The grammar error check is based on the spell check as the research premise. After the input text passes through the spelling processing module, the spelling error of the word has been corrected. When the part of speech of the confusing words in the confusion set is the same, the context word feature is more effective than the lexical collocation feature in the disambiguation process of the true word. On the contrary, when the part of speech is different, the lexical collocation feature is more effective. In some specific situations, if these two types of features are used to disambiguate true words at the same time, the problem of feature coverage and conflict may occur (Figure 7).
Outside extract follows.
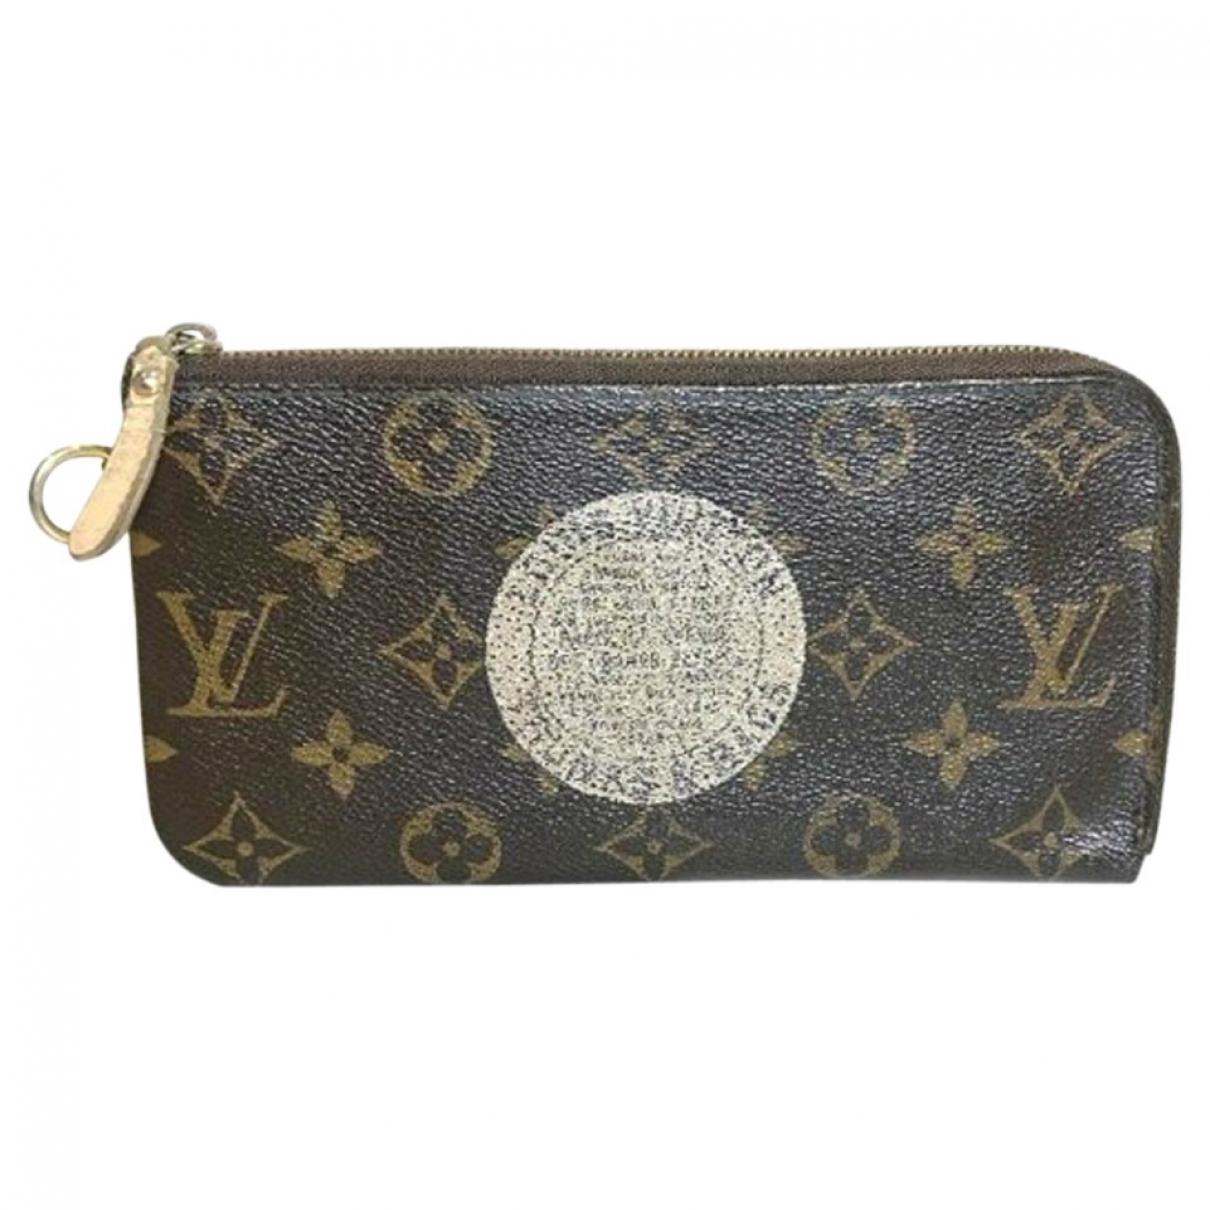 Cartera Ikat de Lona Louis Vuitton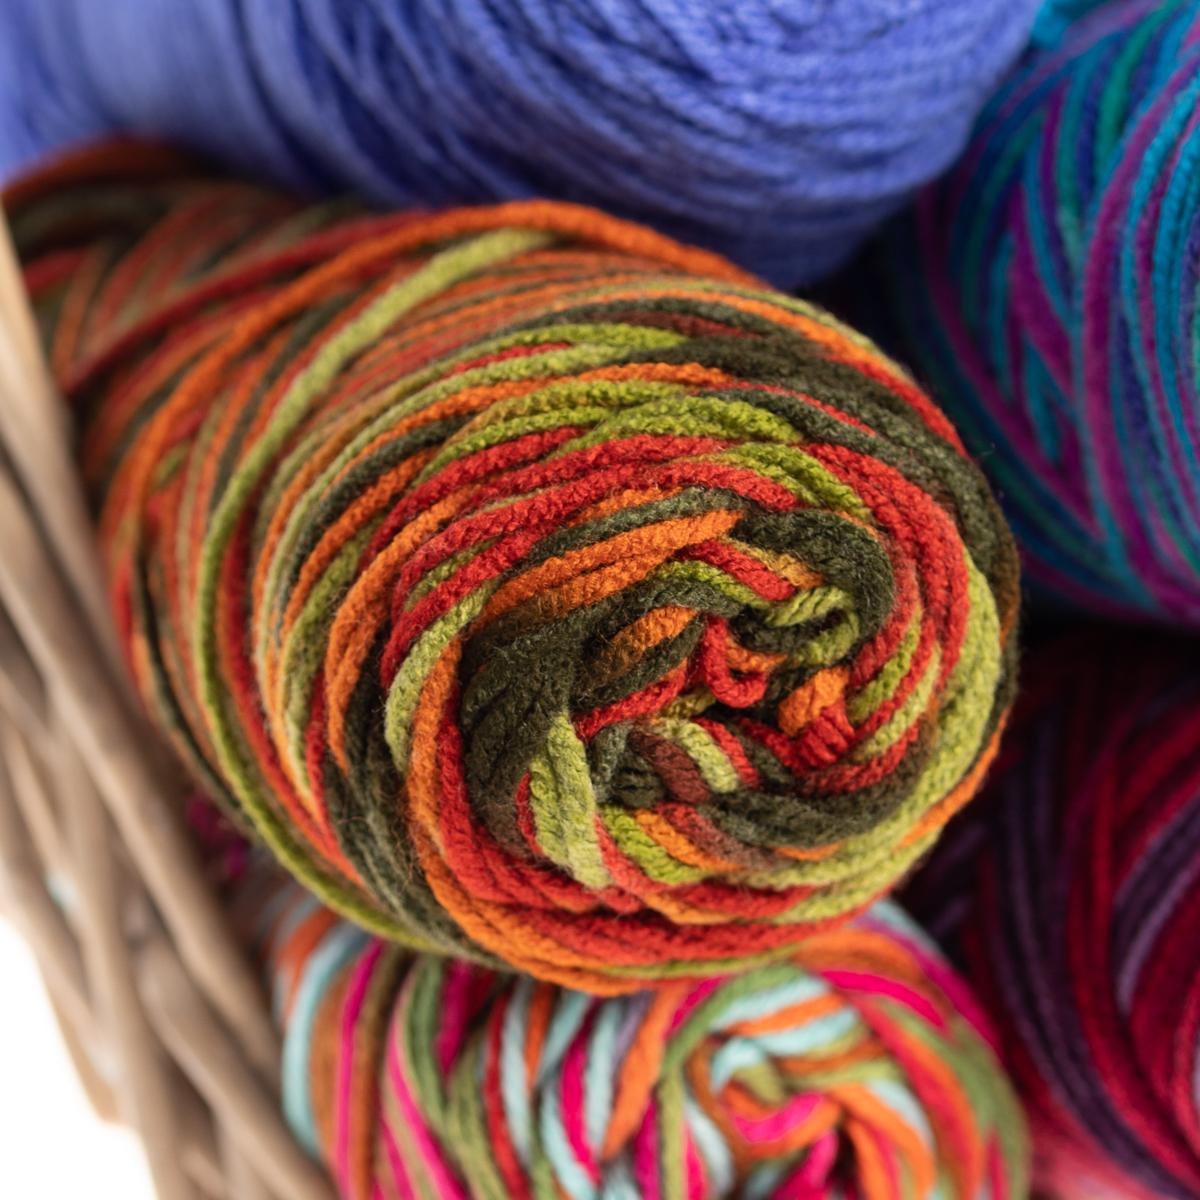 Red-Heart-With-Love-100-Acrylic-Yarn-Knitting-Crochet-Medium-4-Skein-Soft thumbnail 14

If the correlation between the feature and the head word is relatively high, it means that when the feature appears, the head word is more likely to appear [22]. Here, mutual information is used to measure the two correlations; after the feature is selected, the weight is assigned according to the contribution of the feature. In addition, if the current feature has a high correlation with other confusable words in the confusion set where the head word is located, it means that its validity for distinguishing confusable words is relatively low, so the correlation and discrimination validity are used here and determine the weight of the feature. The feature of this method is that it combines the advantages of statistical methods and rule-based methods and automatically corrects major grammar errors in English grammar without manual intervention.

6. Conclusions

This paper constructed a basic model for English grammar error correction based on classification model, analyzed the classification model and translation model of English grammar error correction, proposed the English grammar error correction algorithm based on the classification mode, performed the analyses of the model architecture and model optimizer of the grammar error correction algorithm, and finally conducted a simulation experiment and its result analysis. In the inspection and correction part, it mainly uses the rules provided by the above modules to use the corpus, combined with the limited back-off algorithm, to complete the automatic grammar inspection and correction function. In the grammar error correction task, the input and output of the generator are natural language sentences, which are essentially a sequence of discrete symbols and also improve the system through the cycle inspection module performance. The typical generative confrontation network cannot be directly applied to the mapping modeling in the discrete space because the optimization algorithm cannot be in continuous space, and minor updates are made to the generator parameters. For the classifier base, the framework is transparent to them and they are only responsible for training the corresponding sample set and getting an output during testing. The study results show that, with the continuous increase of training samples and the continuous progress of learning process, the proposed English grammar error correction algorithm based on classification model will continue to increase its classification accuracy, further refine its recognition rules, and gradually improve correction efficiency, thereby reducing processing time, saving storage space, and streamlining processing flow. The study results of this paper provide a certain reference for the further researches on English grammar error correction algorithm based on classification model.

Data Availability

The data used to support the findings of this study are available from the corresponding author upon request.

Conflicts of Interest

The authors declare that they have no conflicts of interest reported in this paper.